Milko applied a second time for legal guardianship in 2017, which was granted two years later, and alerted the authorities to Piazzolla’s manipulation of his mother. A psychiatric assessment concluded there was ‘a weakening in her correct perception of reality’ and that she was in a state of ‘vulnerability’.
La Lollo was furious. She drew up her 2017 will, little knowing pretty much all of her fortune had disappeared.
‘It wasn’t until we saw her bank books from her account in Monte Carlo as part of the investigation that I realised this guy had just ripped her off completely. Seven days a week for a year he’d take her company credit card at 3am or some crazy hour like that and take out €1,500 euros.
‘The day after she put a cheque in the bank from the sale of her jewellery, €4.5million (£3.8million) went to an offshore account. I realised this crook was the devil.

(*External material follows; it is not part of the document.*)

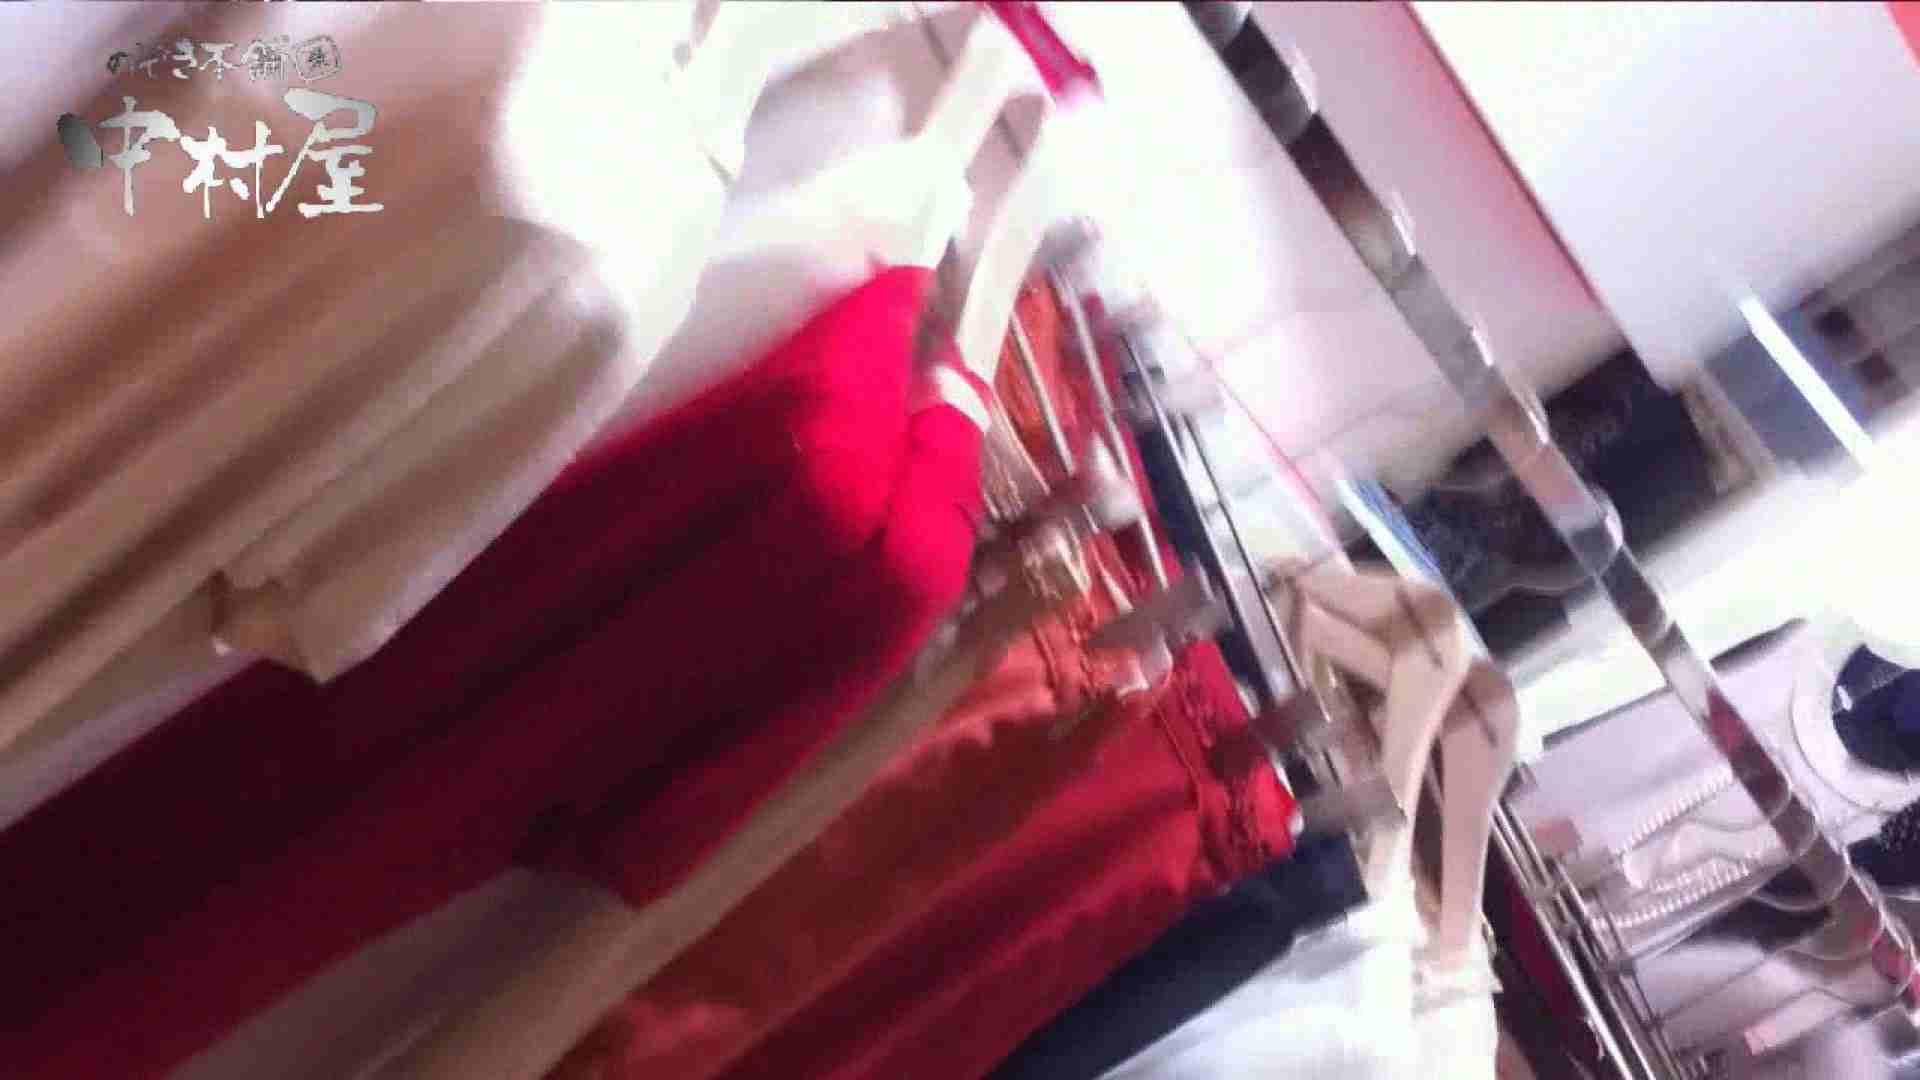 vol.48可愛いカリスマ店員胸チラ&パンチラ アニメ声の店員さん 接写 覗きオメコ動画キャプチャ 110画像 18
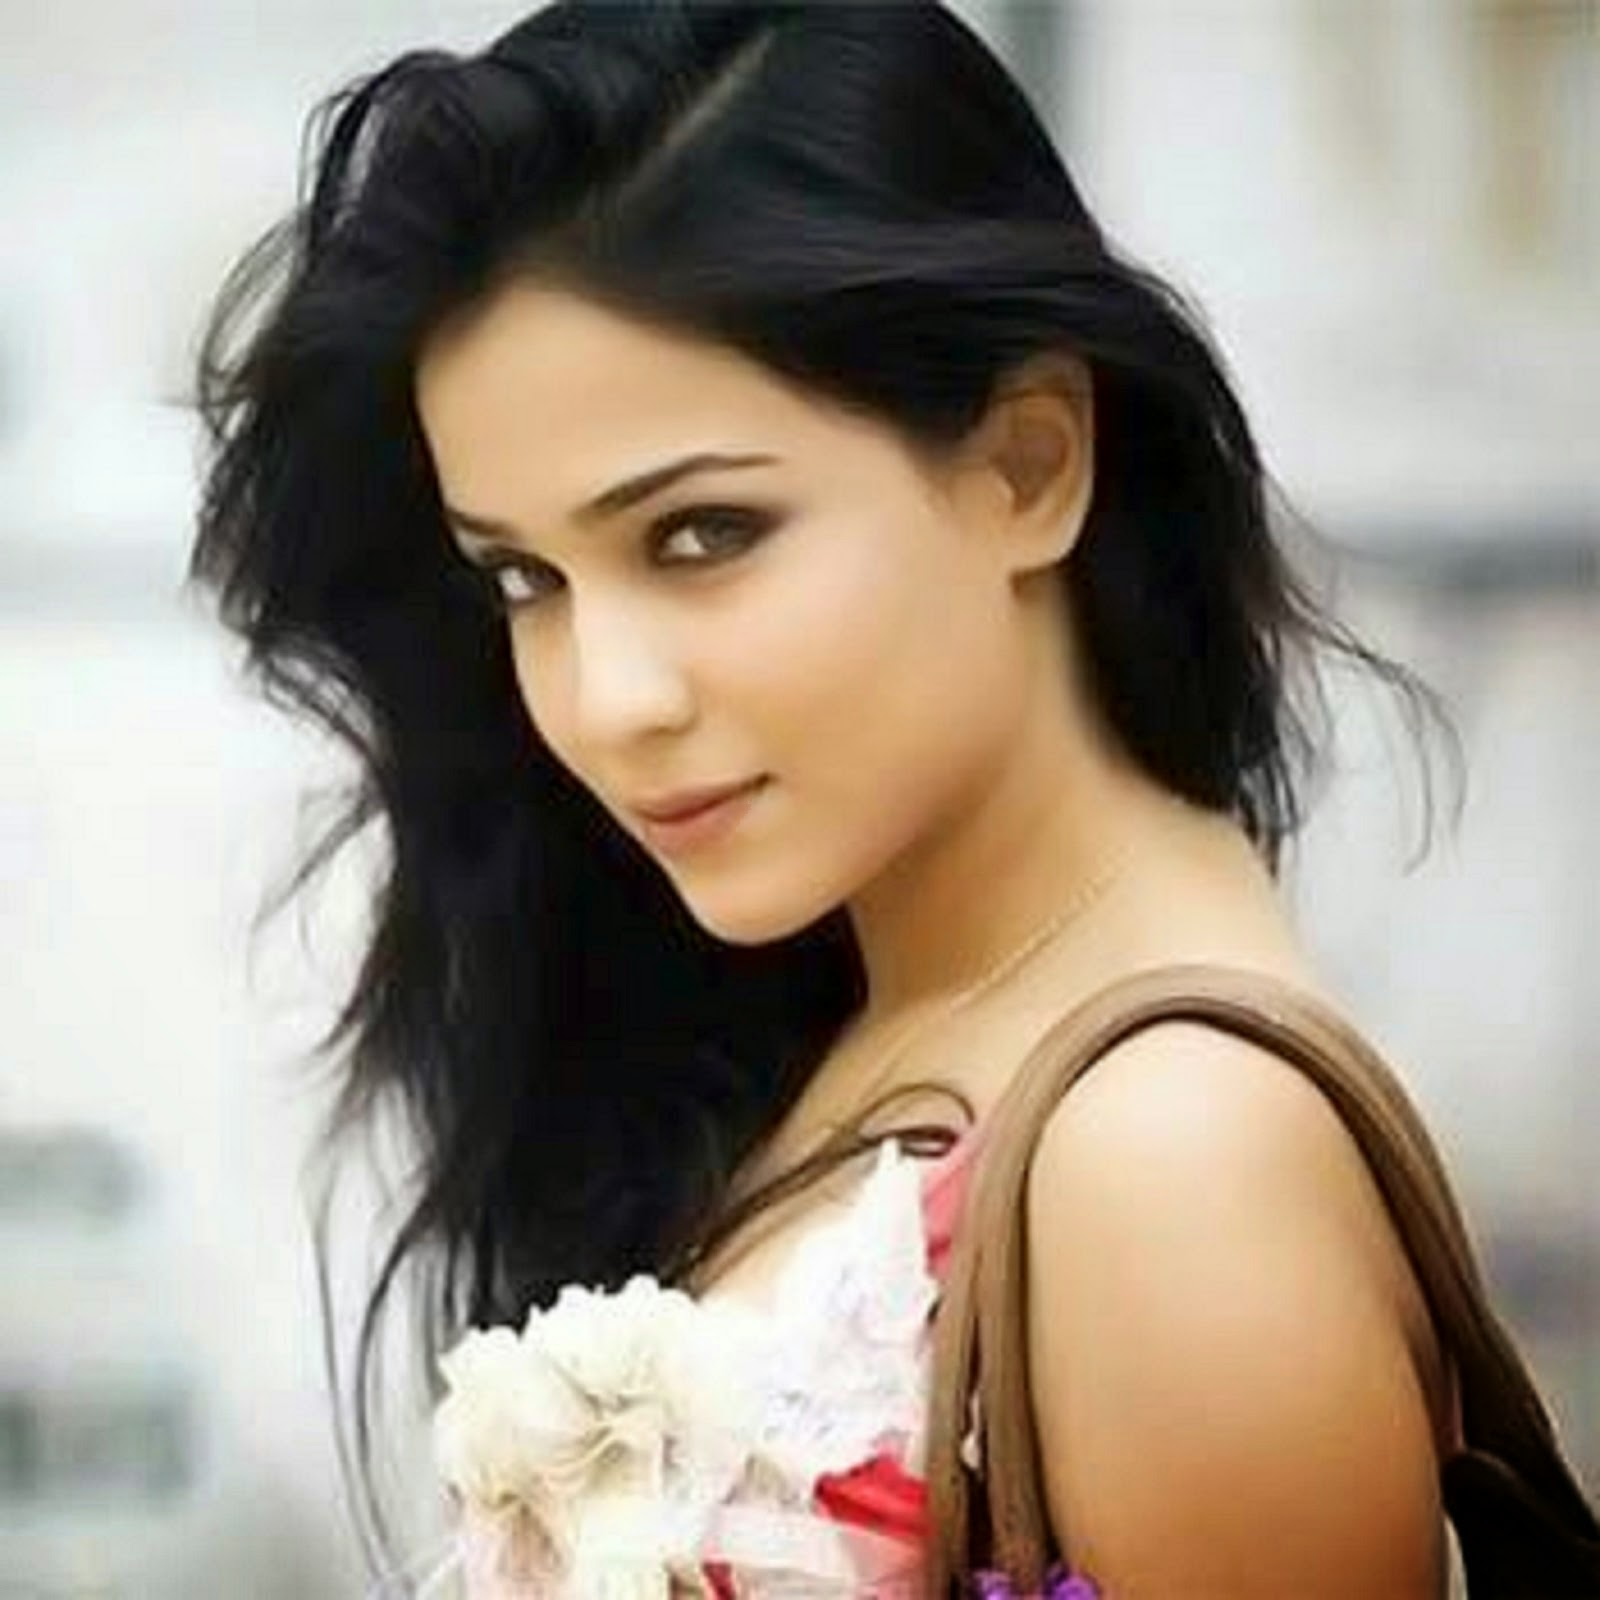 Humaima Malik Sexy Pics Pretty desi actress pictures: humaima malik - pakistani film actress

‘My way of surviving this is to try to live day by day. Who knows what will happen tomorrow? We’ll see.’
For now, Piazzolla remains free as he appeals his conviction. He also faces two further charges of money laundering and fraud which will be heard in court later this year.
Milko has not yet decided whether he will contest his mother’s will. Although he is furious that Piazzolla has been left the rights to his mother’s photographs, paintings, sculptures and films, he longs for peace.
‘I only feel fury when I’m at the villa trying to clean it up. Do you know, every tree in the garden has my initial carved in the top branch from when I climbed them as a child.’ He falls silent for a moment.
‘Right now I’m establishing a foundation in her name to support young talent in the various artistic fields she loved. The saddest thing would be if a person like my mother – someone who has given so much to Italy in terms of our image to the world – dies and in the end all people remember is this. My mother was so much more than that.’